A horror story is defined by the anxiety, which is suffered by its characters,
and communicated by imaginative identification to the reader. It is the threat
of death (which subsumes the threats of pain, injury or rape) or the threat of
madness which evokes the definitive anxiety, and is therefore its proximal
cause." (Stableford, 62)
Anxiety is an element that pervades the story, especially the uncomfortable feeling of nervousness
and worry about the swagman. The woman living totally alone in the seclusion of the bush with her
baby is threatened by the swagman. The stress increases throughout the story. She fears not only
for herself, but also for the baby. The moment she is in the house reveals the apogee of suspense,
which is going to culminate with her persecution and, later, her death.

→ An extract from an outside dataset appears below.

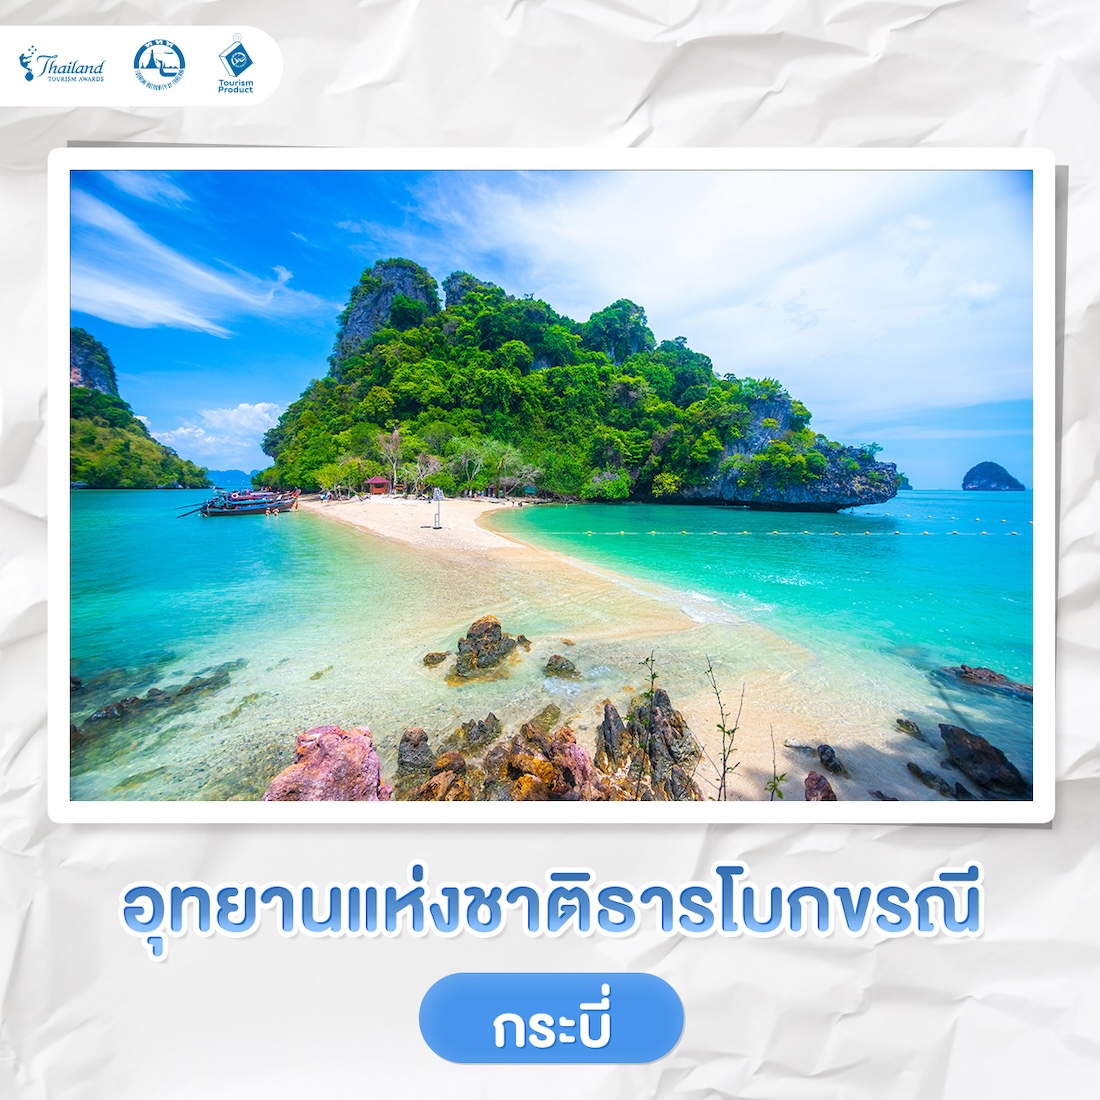 5 แลนด์มาร์ค เที่ยวเปิดประสบการณ์ใหม่ รางวัล Thailand Tourism Awards อุทยานแห่งชาติธารโบกขรณี จ.กระบี่

She waited motionless, with her baby pressed tightly to her, though she knew
that in another few minutes this man with the cruel eyes, lascivious mouth,
and gleaming knife, would enter. One side of the slab tilted; he had only to cut
away the remaining little end, when the slab, unless he held it, would fall
outside (Baynton, 16)
Baynton’s story’s ending has a dark and Gothic intensity. The woman, after going through the
severity of the bush and suffering in terms of physical and psychological harm, ends as a victim of
the Australian bush’s hostility. The same way the short story’s title follows the Gothic idea. Being
completely ironic, “The Chosen Vessel” is a reference to the Virgin Mary. However, instead of being
chosen to give birth to a saviour, the protagonist is chosen to suffer and be killed in the bush.
In conclusion, Baynton’s detailed and realist way of depicting the situation of women in the bush
through a female character gives a terror essence to the short story. The characters’ description, the
anxiety and the terror of an isolated woman in distress, along with other features presented in “The
Chosen Vessel” make it a great example of an Australian Gothic short story.